Clinical implications and outcome prediction in chronic hemodialysis patients with lower serum potassium×uric acid product

Inflammation Male Malnutrition Hypokalemia Hyperuricemia Middle Aged Uric Acid 3. Good health 03 medical and health sciences eEd-stage renal disease Treatment Outcome 0302 clinical medicine Predictive Value of Tests Renal Dialysis Risk Factors Chronic kidney disease Potassium Humans Kidney Failure, Chronic Female Prospective Studies
DOI: 10.1016/j.ejim.2015.06.016 Publication Date: 2015-08-20T14:26:08Z
ABSTRACT
The aims of this study were to evaluate correlations between serum potassium (S[K]) and uric acid (S[UA]) in hemodialysis patients and to determine whether lower levels of both S[K] and S[UA] were associated with poor long-term prognoses in these patients.A cohort of 424 maintenance hemodialysis patients (58±13 years of age; 47% male; 39% with diabetes) from a single center were divided into tertiles based on the product of S[K]×S[UA] (K×UA): Group 1: low K×UA: n=141; Group 2: median K×UA: n=141; and Group 3: high K×UA: n=142. The longest observation period was 60 months.S[K] showed a positive linear correlation with S[UA] (r=0.33; p<0.001).

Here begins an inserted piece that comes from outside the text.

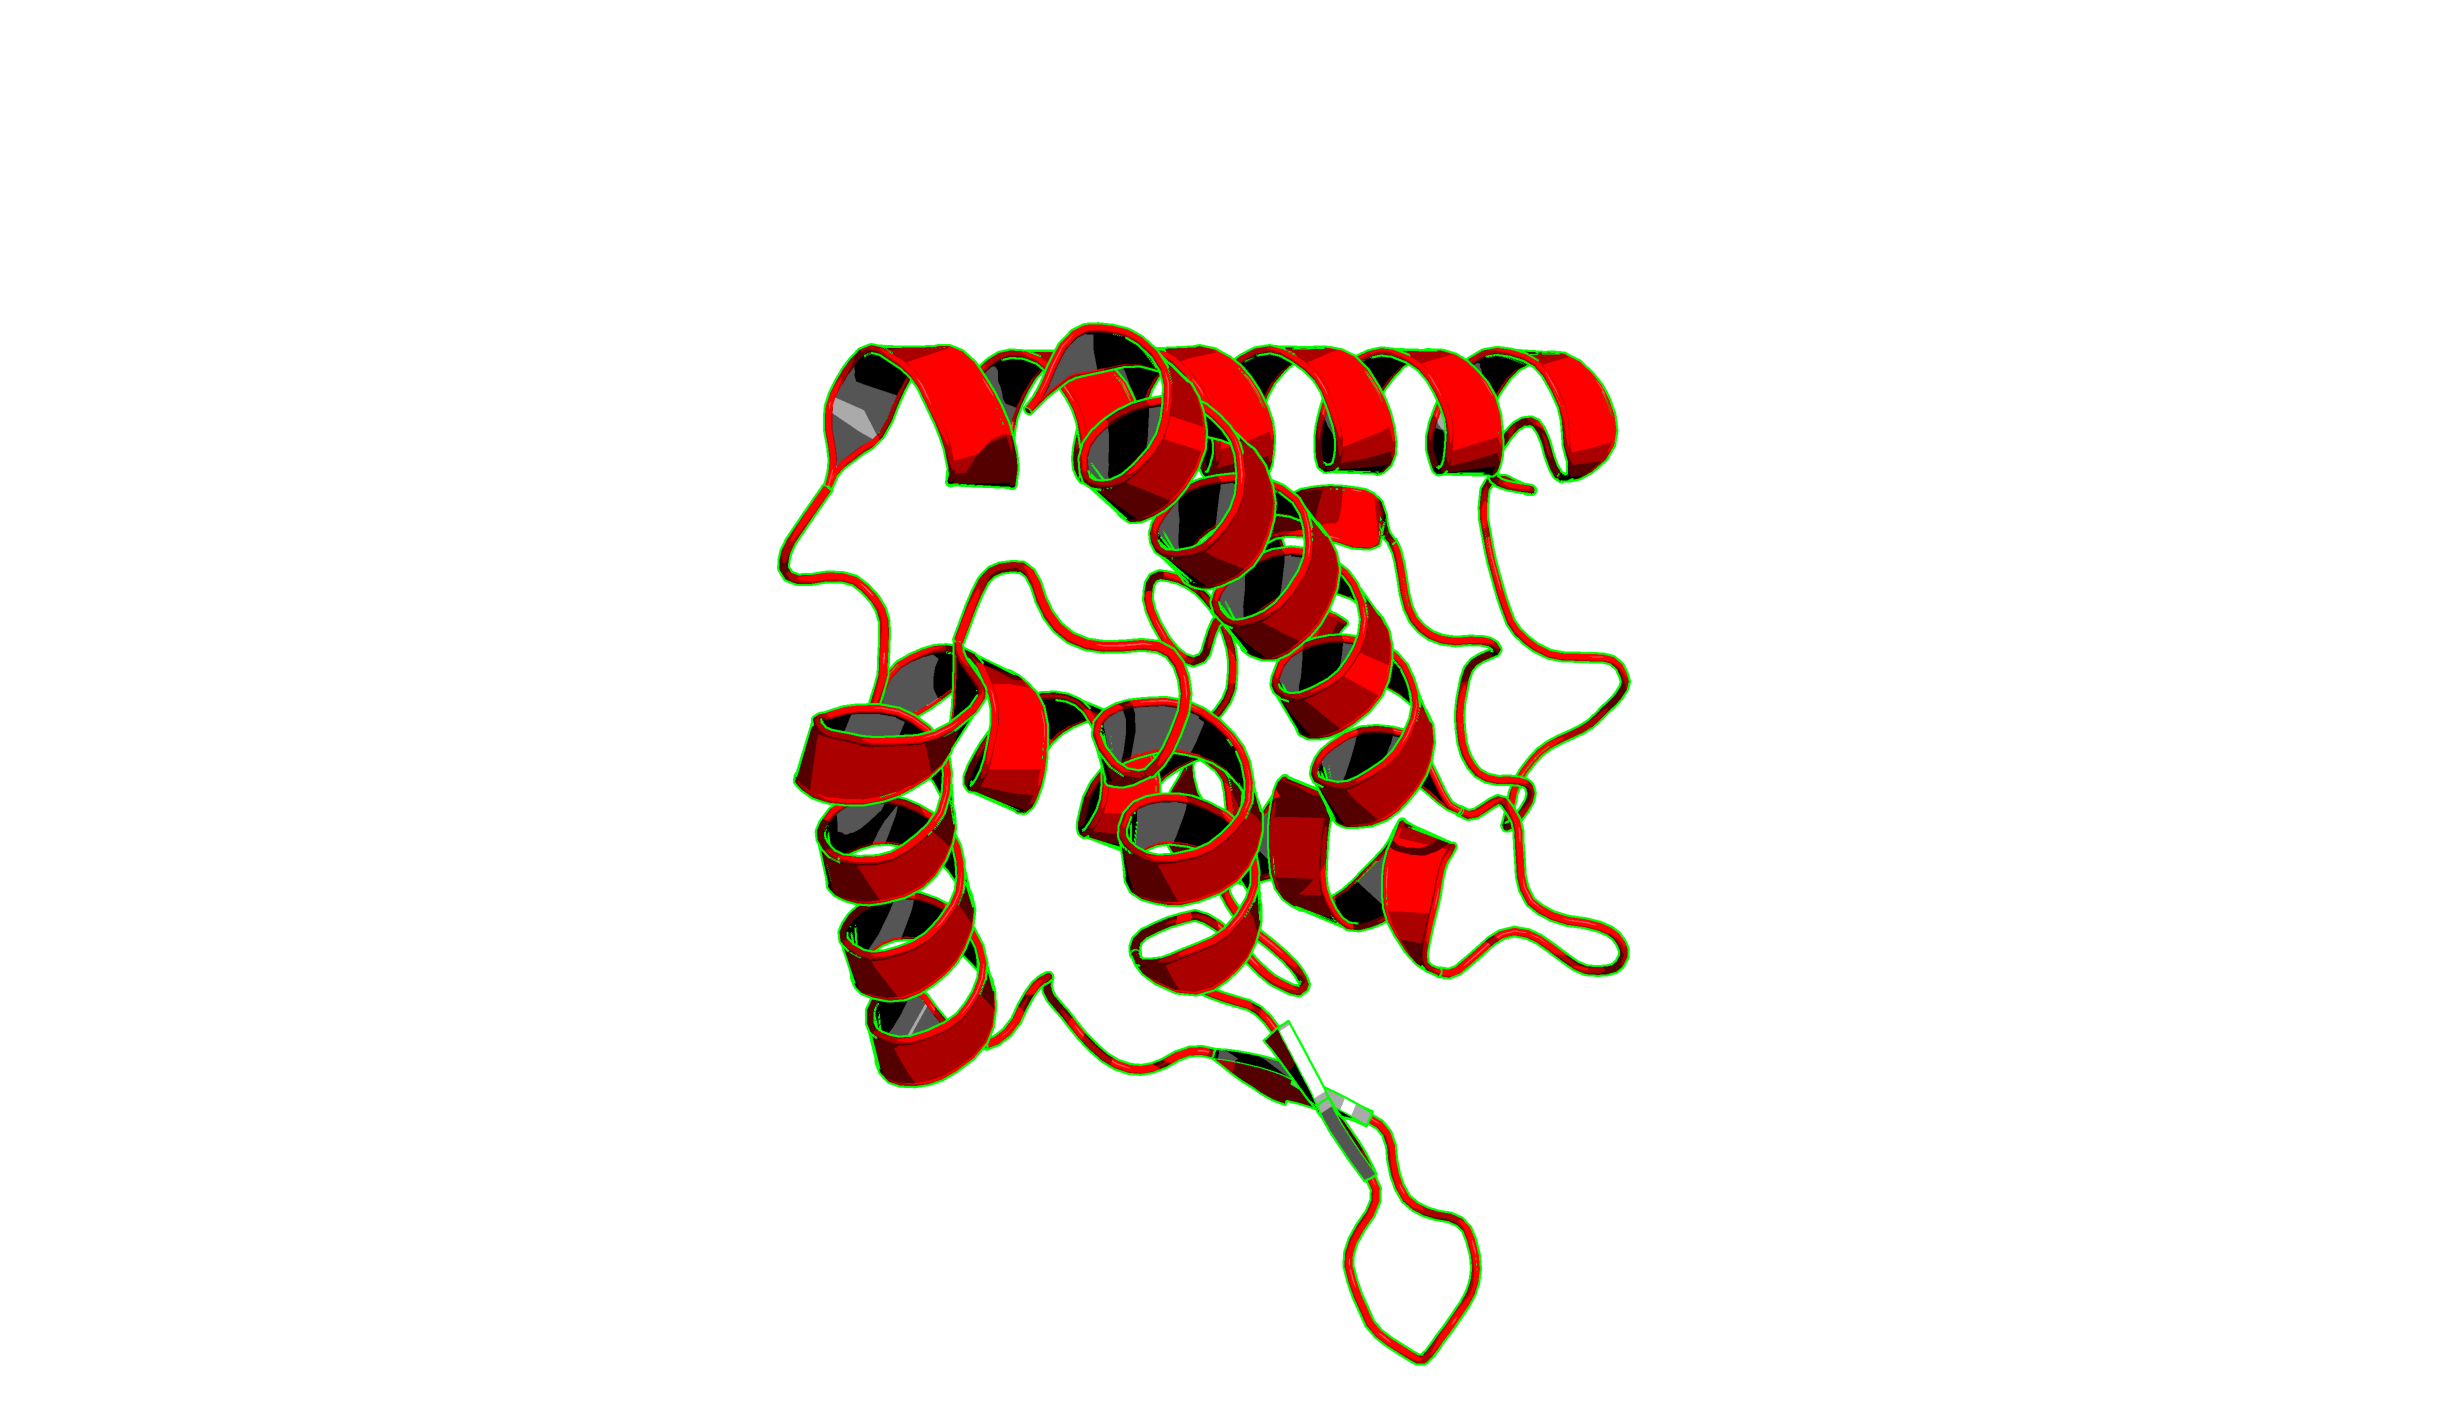  Ray trace mode of a protein in PyMOL with quantized colors plus green outline

In multivariate logistic regression analysis, Group 1 was characterized by hypoalbuminemia (odds ratio [OR]=0.20, 95% confidence interval (CI)=0.11-0.35) and lower levels of normalized protein catabolism [nPCR] (OR=0.10, 95%CI=0.05-0.22) and phosphate levels (OR=0.41, 95%CI=0.33-0.51). In contrast, Group 3 was associated with higher nPCR (OR=6.07, 95%CI=2.93-12.50) and albumin levels (OR=2.12, 95% CI=2.12-7.00). Compared to the reference (Group 1), the hazard ratio (HR) for long-term mortality was significantly lower in Groups 2 (HR=0.65, 95%CI=0.43-0.99) and 3 (HR=0.56, 95%CI=0.36-0.89). In multivariate Cox proportional analysis, the risk of mortality decreased by 2% (HR=0.98; 95%CI=0.96-0.99) per 1 unit increase in K×UA product.Hemodialysis patients with lower S[K] and [UA] levels were characterized by hypoalbuminemia and lower nPCR, and they were associated with a long-term mortality risk.